Spontaneous Diffusion of an Effective Skin Cancer Prevention Program Through Web-Based Access to Program Materials
Published Date:Oct 15 2010
Source:Prev Chronic Dis. 7(6).
Little information exists about the diffusion of evidence-based interventions, a process that can occur naturally in organized networks with established communication channels. This article describes the diffusion of an effective skin cancer prevention program called Pool Cool through available Web-based program materials.
We used self-administered surveys to collect information from program users about access to and use of Web-based program materials. We analyzed the content of e-mails sent to the official Pool Cool Web site to obtain qualitative information about spontaneous diffusion.

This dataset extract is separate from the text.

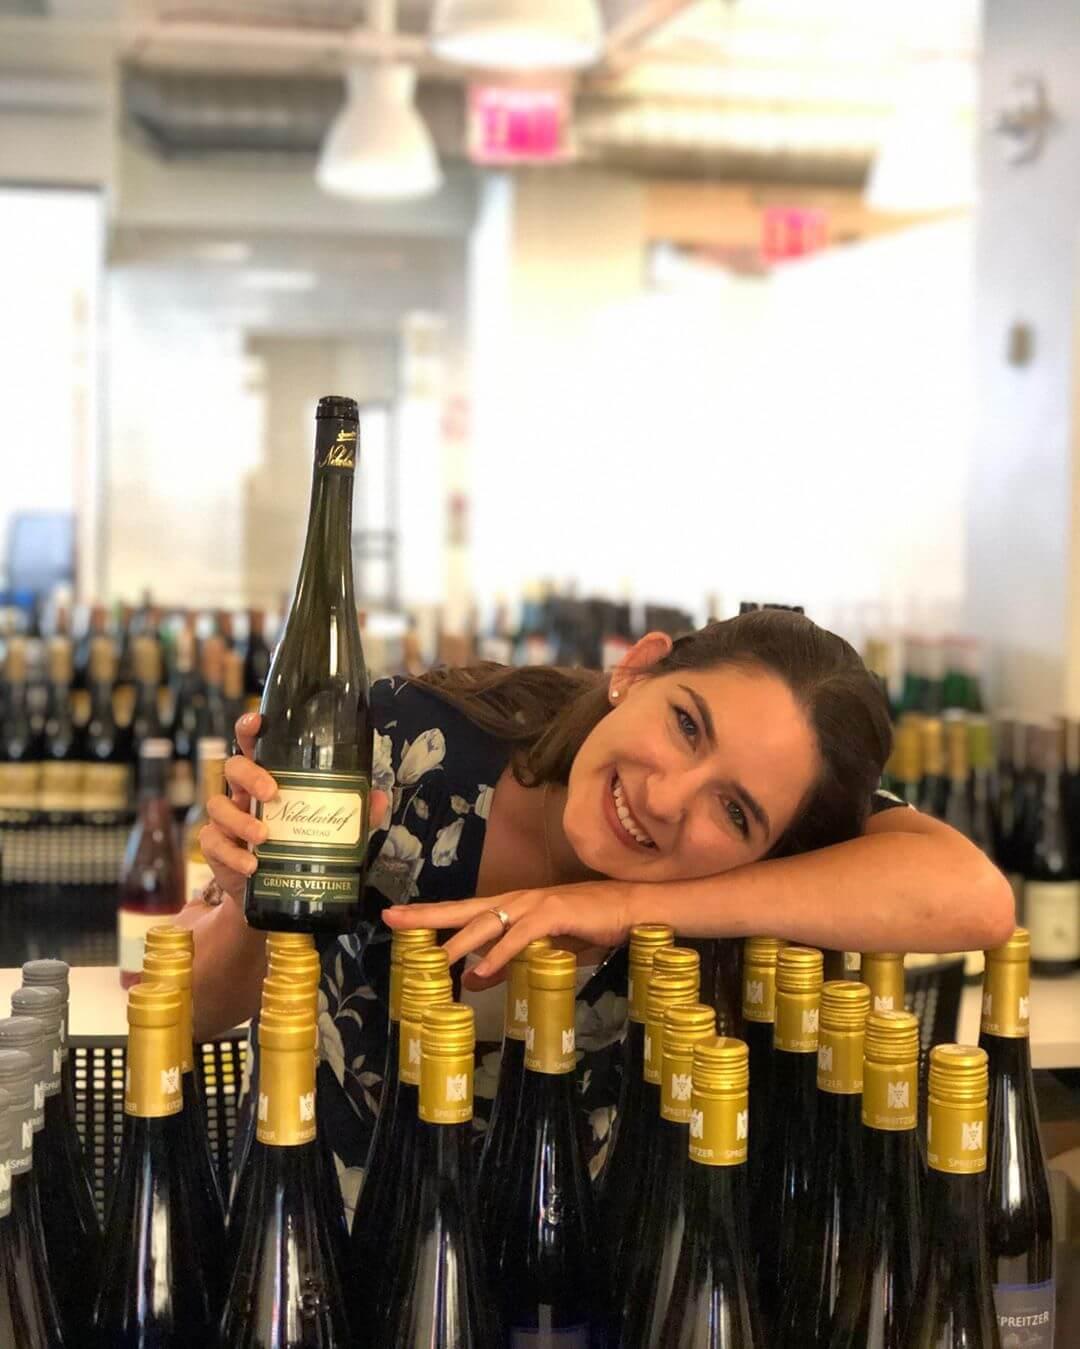 Skurnik Wine & Spirits

Program users were dispersed throughout the United States, most often learning about the program through a Web site (32%), publication (26%), or colleague (19%). Most respondents (86%) reported that their pool provided educational activities at swimming lessons. The Leader's Guide (59%) and lesson cards (50%) were the most commonly downloaded materials, and most respondents reported using these core items sometimes, often, or always. Aluminum sun-safety signs were the least frequently used materials. A limited budget was the most commonly noted obstacle to sun-safety efforts at the pool (85%). Factors supporting sun safety at the pool centered around risk management (85%) and health of the pool staff (78%).
Diffusion promotes the use of evidence-based health programs and can occur with and without systematic efforts. Strategies such as providing well-packaged, user-friendly program materials at low or no cost and strategic advertisement of the availability of program materials may increase program use and exposure. Furthermore, highlighting the benefits of the program can motivate potential program users.